November 14, 2016
These markets reflect the economy’s health, offer investments that can be enjoyed for years to come.
Shrinking interest rates and diminished returns have made the fine art and car collector markets increasingly popular investment alternatives for high-net-worth individuals.
But these acquisitions are more than just a decorative addition to your portfolio — they’re also indicators of economic health and can impact your investment strategy as a whole.
“There is a direct correlation between the art and car collector markets and overall economic growth,” says Jeff Kravetz, CFA, Regional Investment Director for The Private Client Reserve of U.S. Bank in Scottsdale, Arizona. “When investors do well, they spend more on their collections, but if there are risks in the capital markets, they tend to pull back.”
Because these are long-term investments, Kravetz advises buyers to consult with their financial advisors to assess value and determine what role the collectibles can play in estate planning.
“Many collectors look at these pieces as legacy assets that could be in their families for generations to come,” Kravetz says.
Assessing the Marketplace
While the big art masters and rare models of automobiles might be few and far between, they do play an important role in the investment landscape.

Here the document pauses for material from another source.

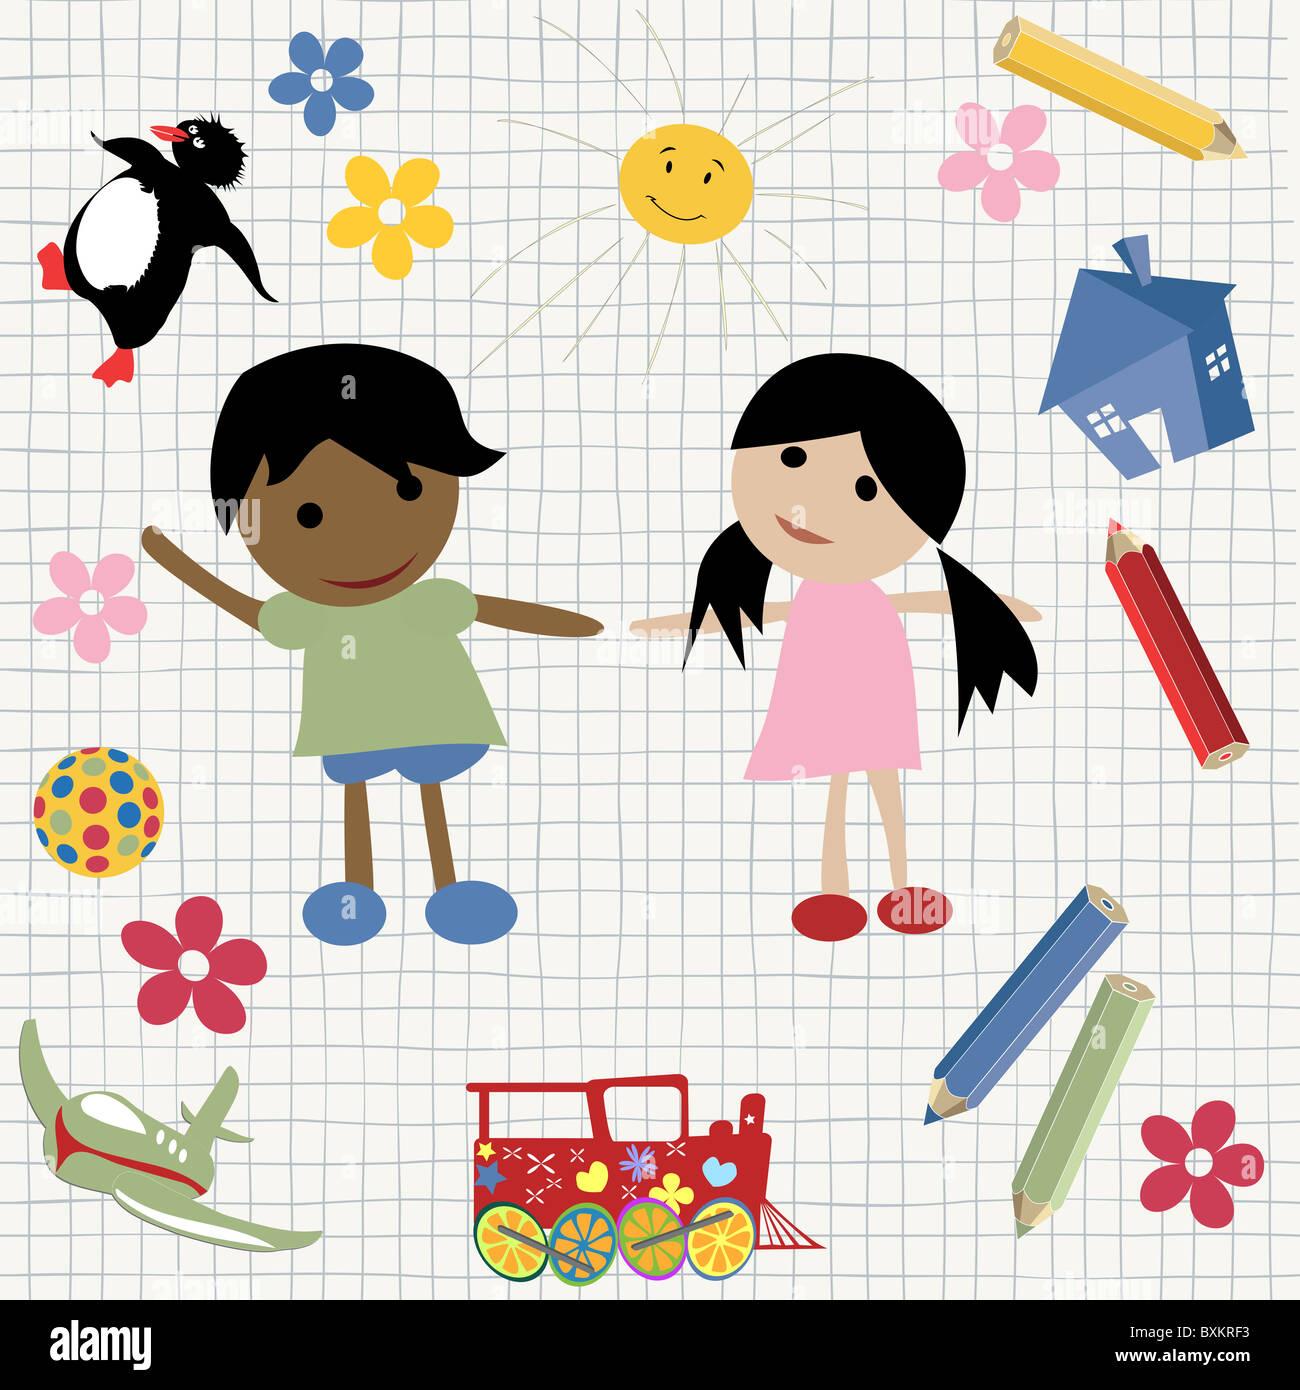 Kindlichen design Stockbild
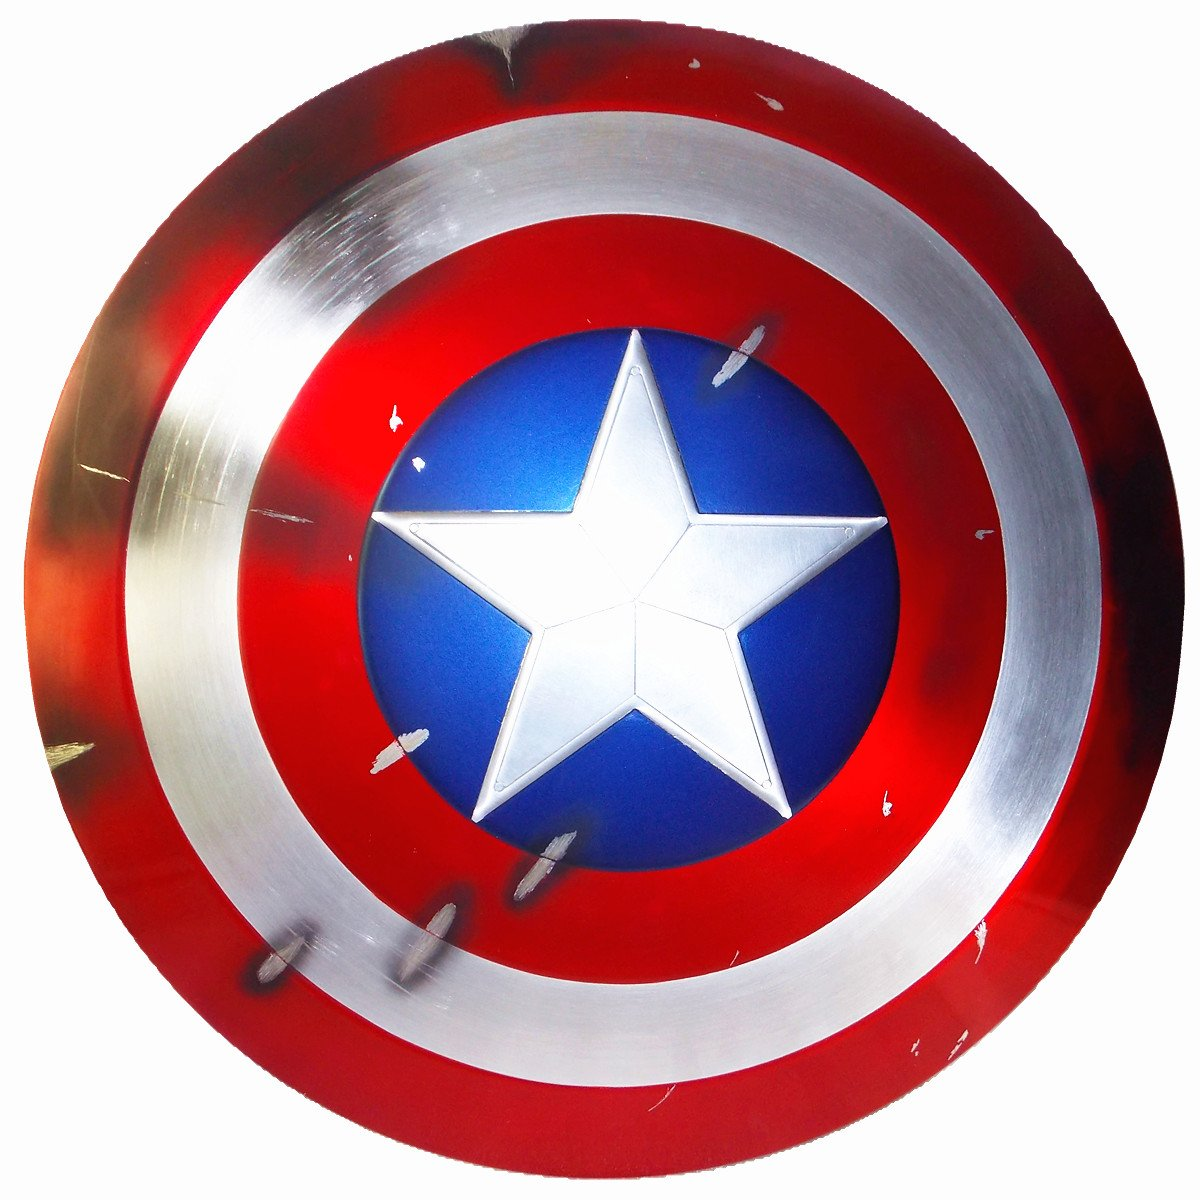 Gmasking Aluminum Alloy Captain America Adult Shield 1:1 Replica+Adjustable Strap

Last year, Pablo Picasso’s “Les femmes d’Alger (Version ‘O’)” sold for $179 million, making it one of the most expensive pieces of art ever auctioned. That same year, a 1961 Ferrari 250 GT SWB California Spider sold for $18.5 million. While these numbers are extreme, they exemplify the wealth changing hands in the world of fine art and collectible cars.
“Each sale creates a lot of media buzz, which leads to more people getting into the market,” Kravetz says.